Green Bay woman called 911 after stabbing fiance in neck with pastry chef blade say police

Police records describe a bloody scene, a long argument and a knife later identified as a pastry chef knife.

GREEN BAY, Wis. — The homicide case against Tonia Piontek rests on a set of stark details: a kitchen floor, a 911 call, a long argument heard by a neighbor and a knife with a 7.87-inch blade.

Piontek, 46, is accused of killing her 41-year-old fiancé on April 13, 2025, at the couple’s Smith Street home in Green Bay. She is charged in Brown County with first-degree intentional homicide, with added allegations tied to domestic abuse and use of a dangerous weapon. She has pleaded not guilty. More than a year after the stabbing, lawyers are still discussing a possible plea while the defense waits for a domestic violence expert’s report.

The physical evidence described in police records begins inside the home. Officers arrived after Piontek called 911 and said she had stabbed the man. Police found him in the kitchen area, lying in blood. The complaint said a knife was found in his neck, though the autopsy identified the fatal injury as a stab wound to the chest. Local reports said the knife’s blade measured 7.87 inches. Piontek later described the weapon as a pastry chef knife, a detail that has become one of the most widely reported facts in the case.

The call to dispatch provided the first account of what Piontek said happened before officers entered the home. She told the dispatcher the couple had been drinking and arguing. She said the man came at her. “I just stabbed my boyfriend, I don’t think he’s okay,” she told 911, according to the complaint. She also said she often kept a knife nearby for protection and did not know what else to do. Those statements may become evidence for both sides if the case goes to trial.

A neighbor supplied a second view of the night. He told police the couple had been arguing for about an hour and a half before the emergency call. He also reported hearing a door slam and someone stomping around inside the home. The neighbor said he often heard the two argue and had called 911 on them before. His account places the stabbing after a prolonged disturbance, but it does not identify the exact movements of either person in the final moments before the knife entered the victim’s body.

Police also recorded what they saw when they met Piontek. She rolled up her sleeves and showed bruising on her forearms, according to the complaint. She called the bruises “just normal for me.” Soon after, she said she had friends who were lawyers and would not make further comments until she had an attorney. That created a limited but important set of statements for investigators: the emergency call, the comments about the knife and fear, the display of bruises and then no further interview without counsel.

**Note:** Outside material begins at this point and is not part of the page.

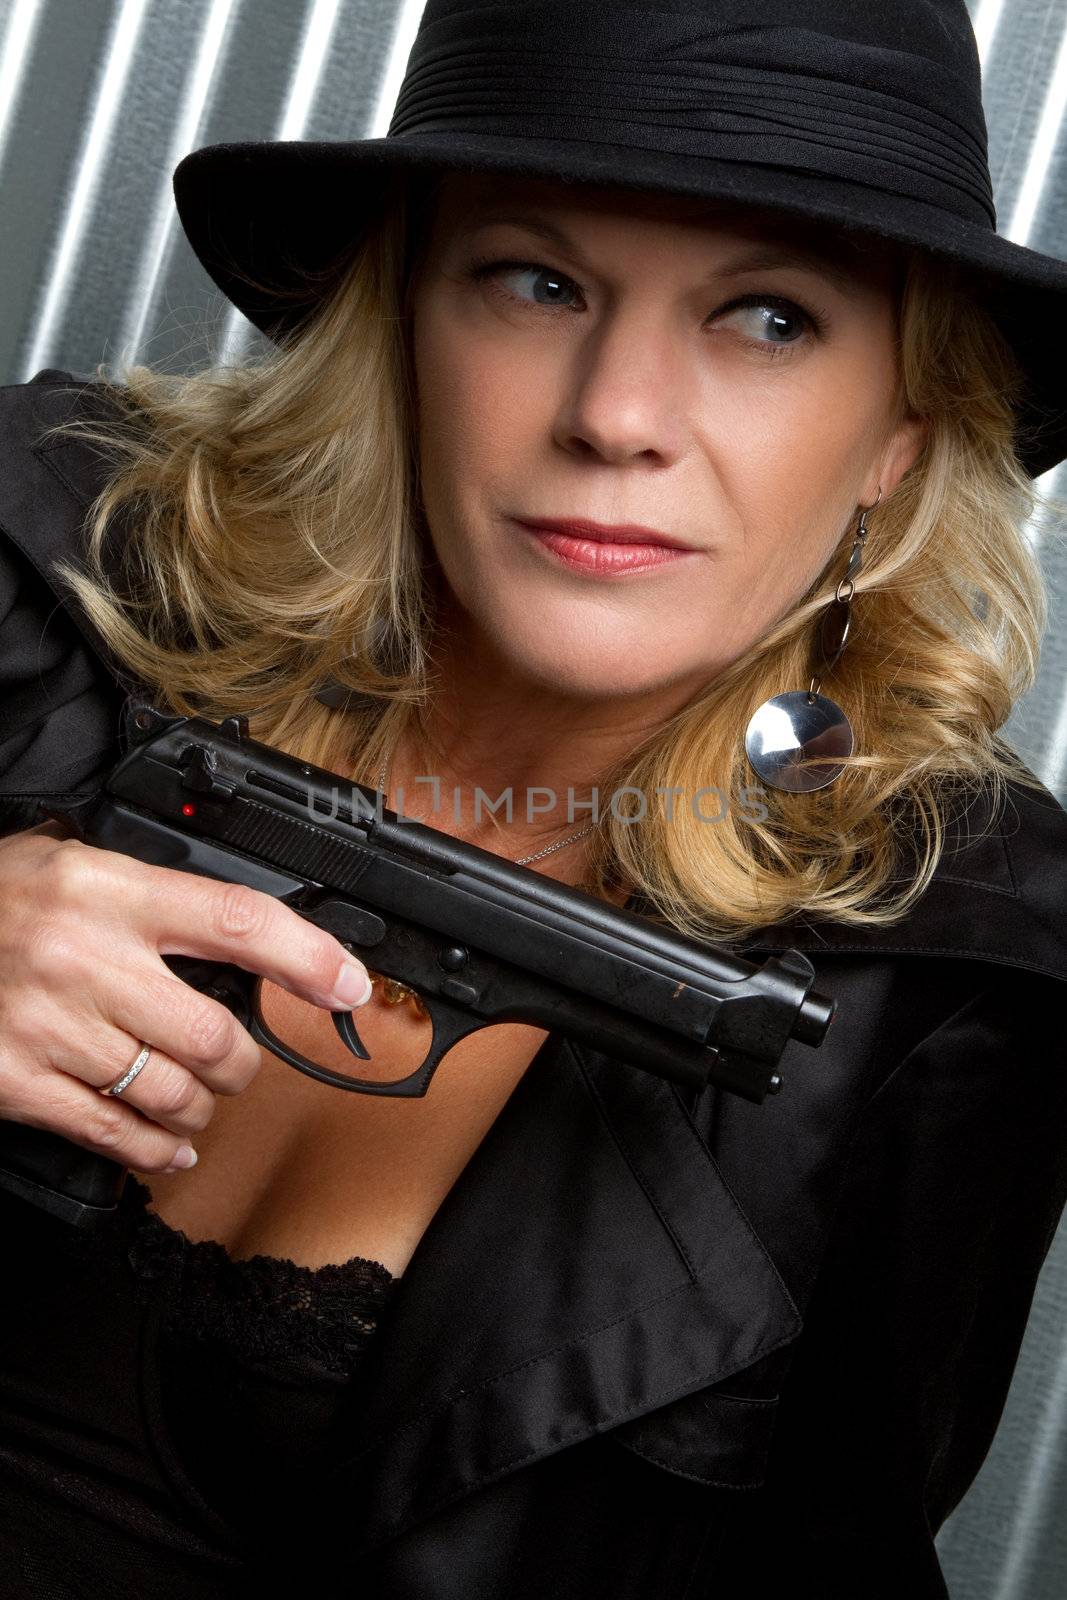 Blond detective woman holding gun

The case has followed a slow path through Brown County Circuit Court. Piontek was taken into custody at the scene. At an early appearance, a judge set her cash bond at $1 million. She later entered a not-guilty plea in July 2025. A status conference in October 2025 led to a December plea date, but the case did not end there. By April 2026, defense attorney Bradley Schraven said plea discussions were continuing and that he still needed to discuss an offer with Piontek.

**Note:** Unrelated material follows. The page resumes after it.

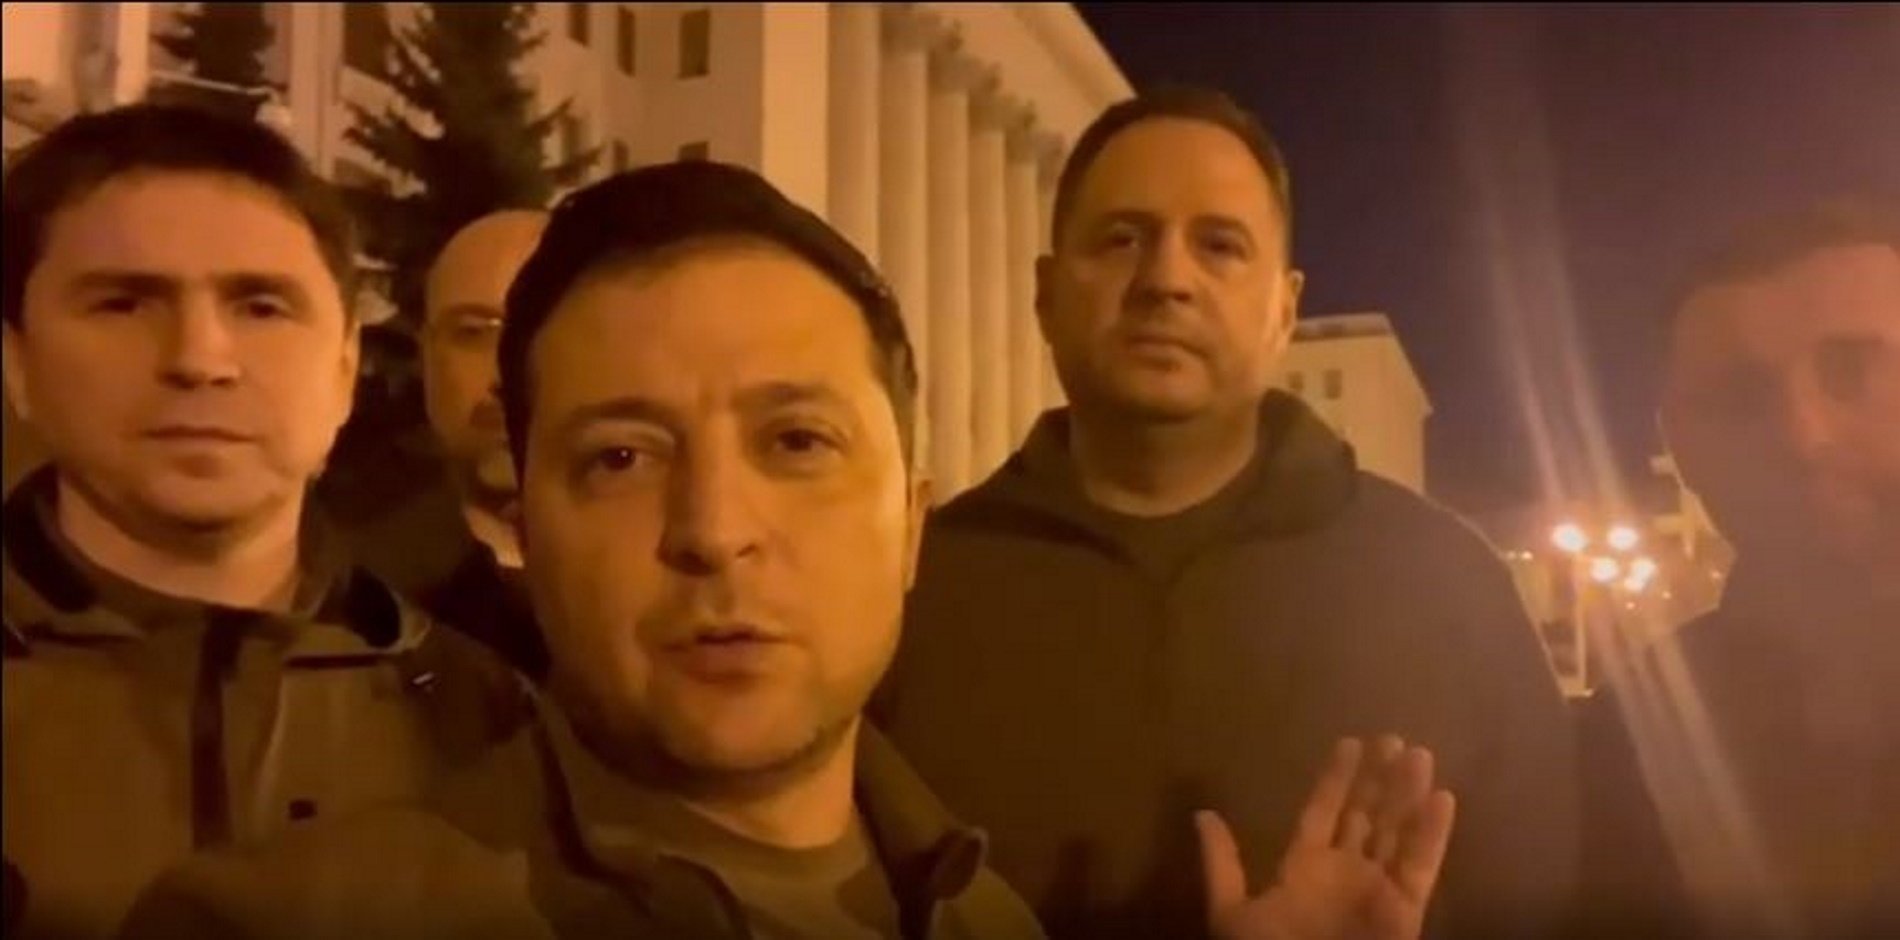 Guerra Rússia-Ucraïna: Zelenski demuestra que continúa en Ucrania con un video

The unfinished domestic violence expert report is the main reason the case has remained open without a trial date. Schraven said at an earlier hearing that he wanted expert testimony before any plea agreement was reached. That report could speak to the relationship, the bruising, Piontek’s claim that she feared the victim and her statement that she kept a knife nearby for protection. Prosecutors have not reduced the publicly reported charge, and no final plea has been announced.

The victim’s public identification remains limited. The criminal complaint did not name him, and Green Bay police have described him as a 41-year-old man from Green Bay. His death, however, is the central fact behind the charge. The autopsy finding that he died from a chest stab wound may be used by prosecutors to explain the force and location of the injury. The defense may focus instead on the circumstances leading up to the wound, including the alleged fight and Piontek’s statements about fear.

The evidence record also contains gaps. Public reports do not say whether blood-pattern analysis, fingerprints or DNA testing will play a major role. They do not say whether prior police calls to the home produced reports that will be admitted in court. They do not show whether the victim had injuries beyond the fatal wound or whether Piontek’s bruises were photographed and medically assessed. Those missing details may be addressed through future motions, expert reports or testimony if the case advances toward trial.

Judge Marc Hammer set the next hearing for Aug. 17. By then, lawyers may have more information about the domestic violence expert’s report and the plea offer. Without an agreement, the case could move into a more formal trial track, including witness lists, evidentiary motions and a trial date. With an agreement, the court would have to review any plea terms and decide whether to accept them.

Piontek remains in the Brown County Jail on a $1 million cash bond. The homicide charge is pending, no trial date has been set, and the next milestone is the Aug. 17 hearing in Brown County Circuit Court.

Author note: Last updated May 4, 2026.